### YOUR TASK:
Output the data below exactly, without images.

### MATERIAL PROVIDED:
# # #

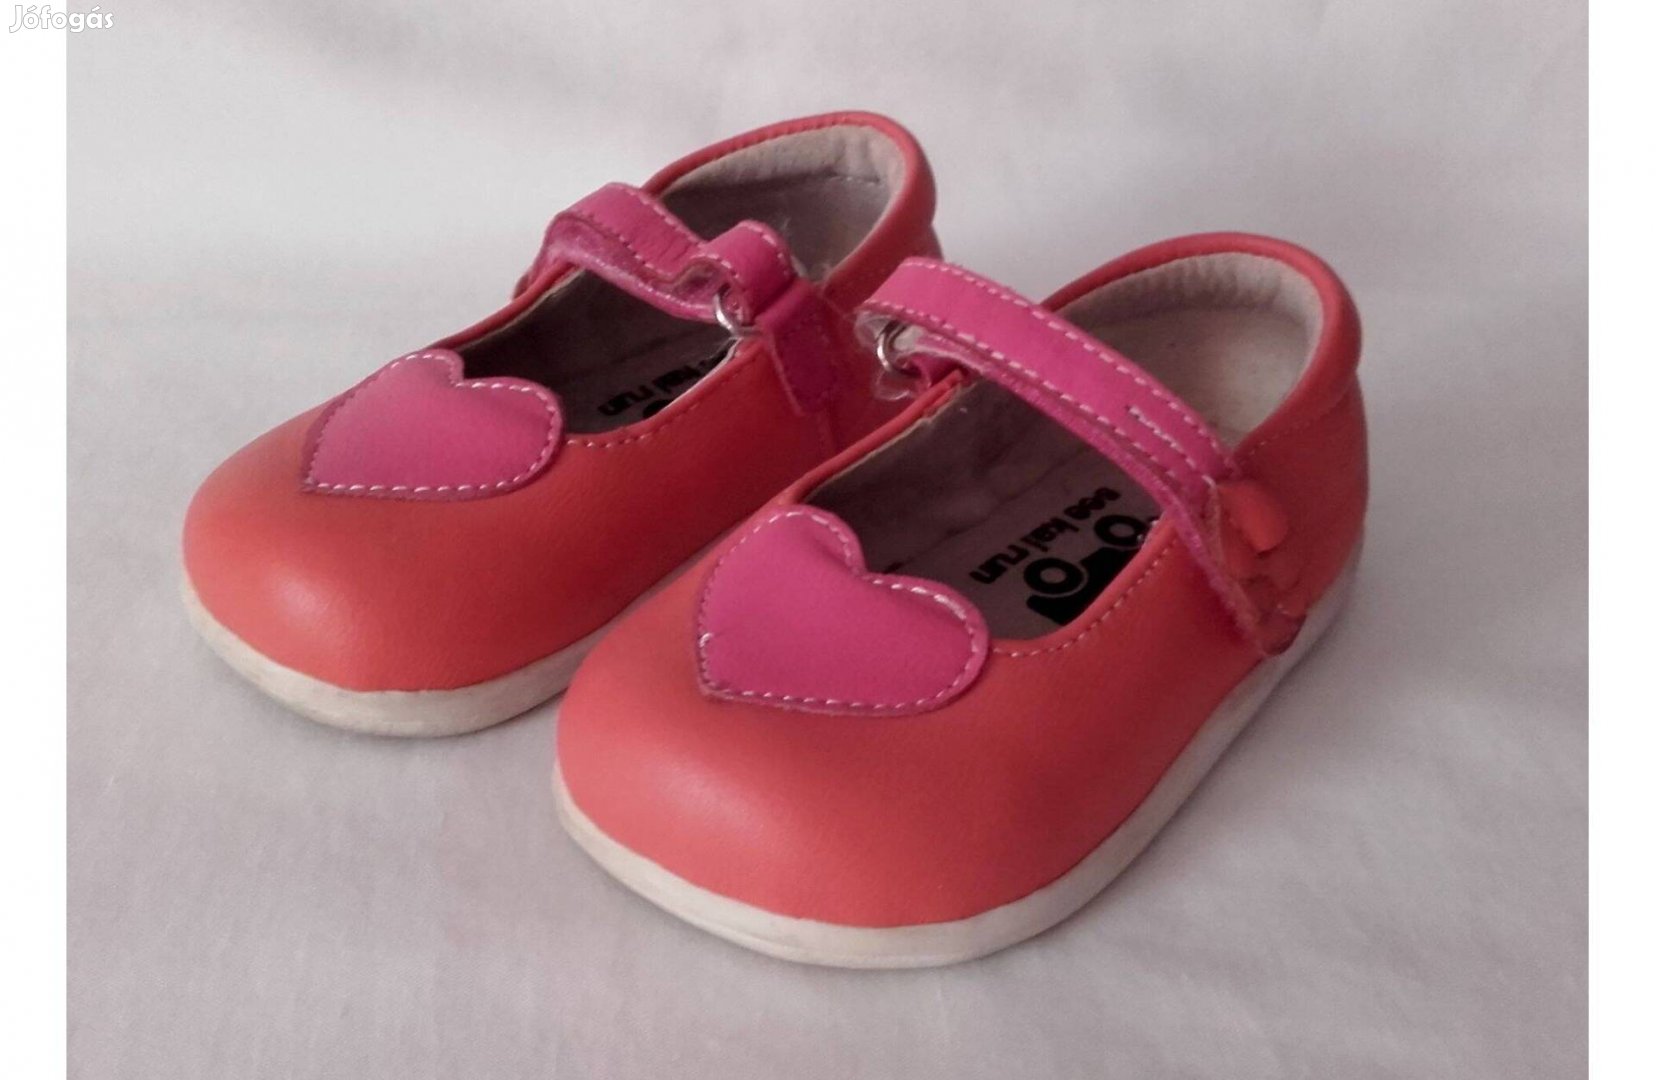 Szívecskés kislány cipő, bth: 12 cm
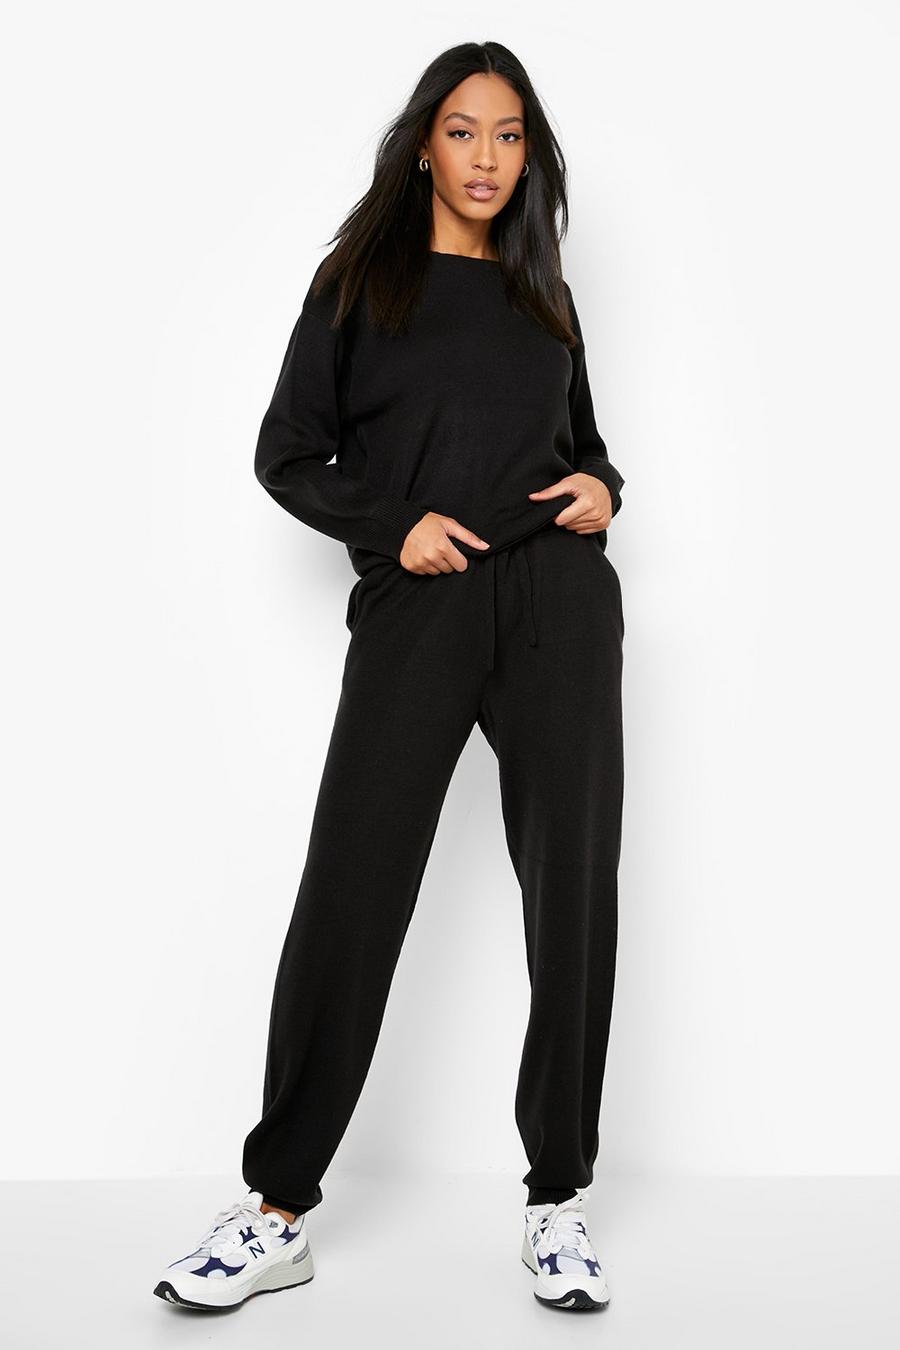 שחור black סט בגדי בית סרוגים עם צווארון אלכסוני לנשים גבוהות
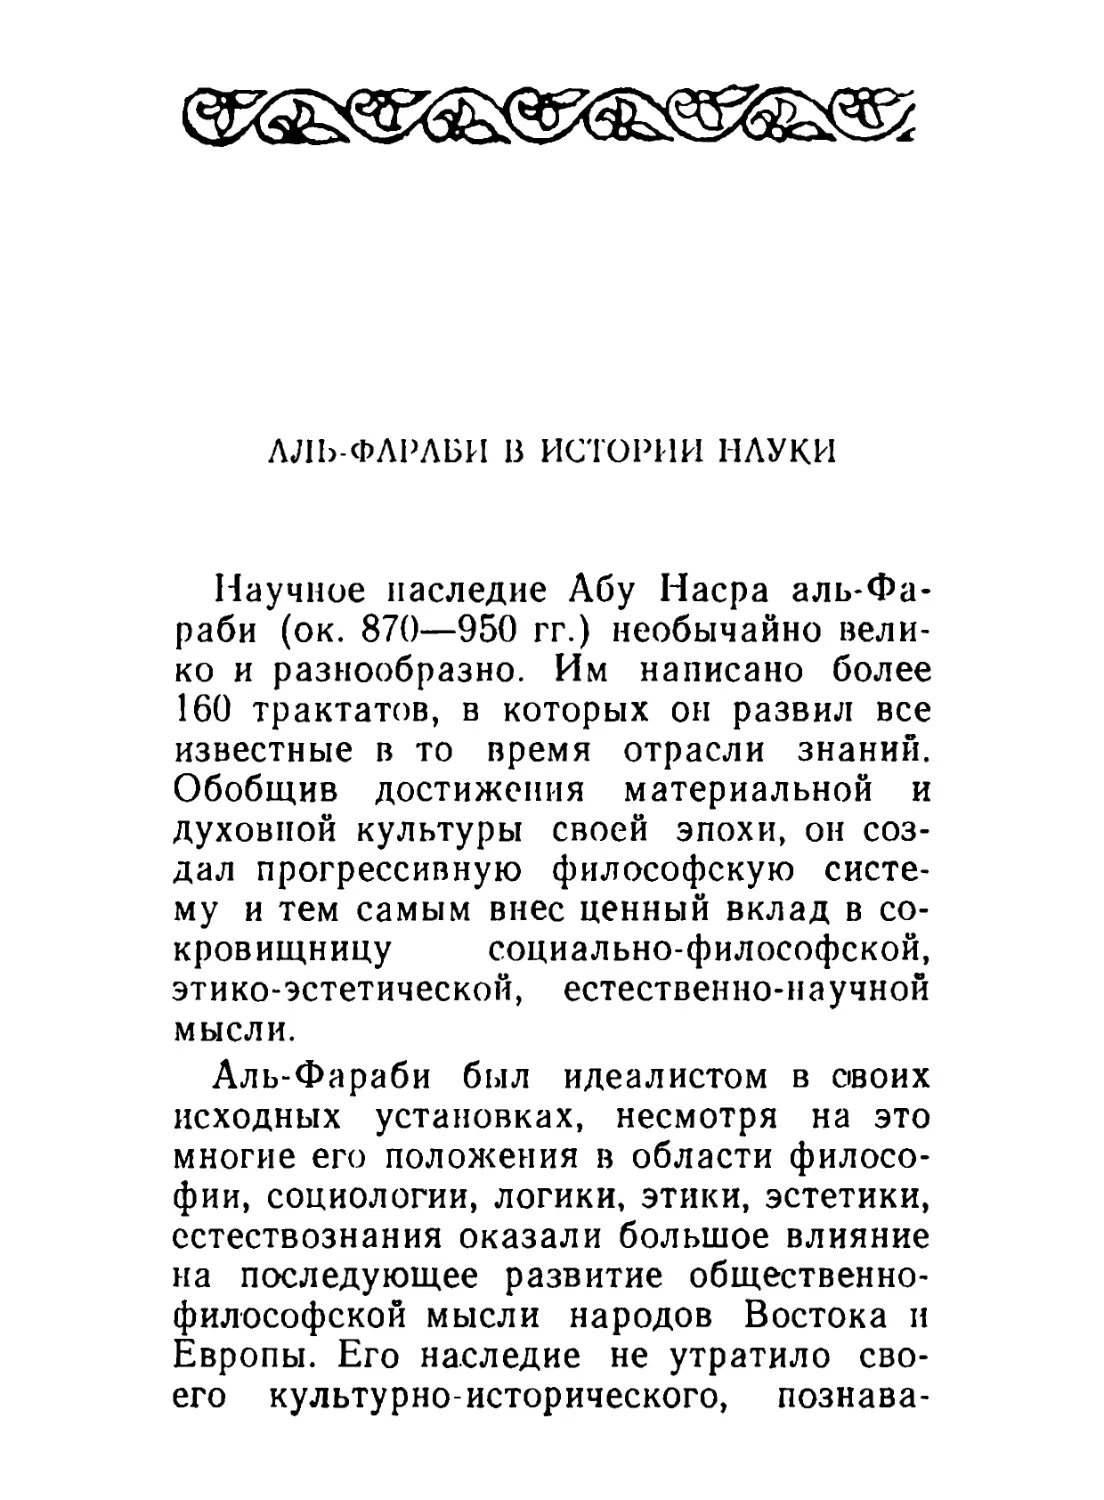 Бурабаев М. С. Аль-Фараби в истории науки

# # #

### WRITTEN REPLY:
 Szívecskés kislány cipő, bth: 12 cm
 שחור black סט בגדי בית סרוגים עם צווארון אלכסוני לנשים גבוהות
 Бурабаев М. С. Аль-Фараби в истории науки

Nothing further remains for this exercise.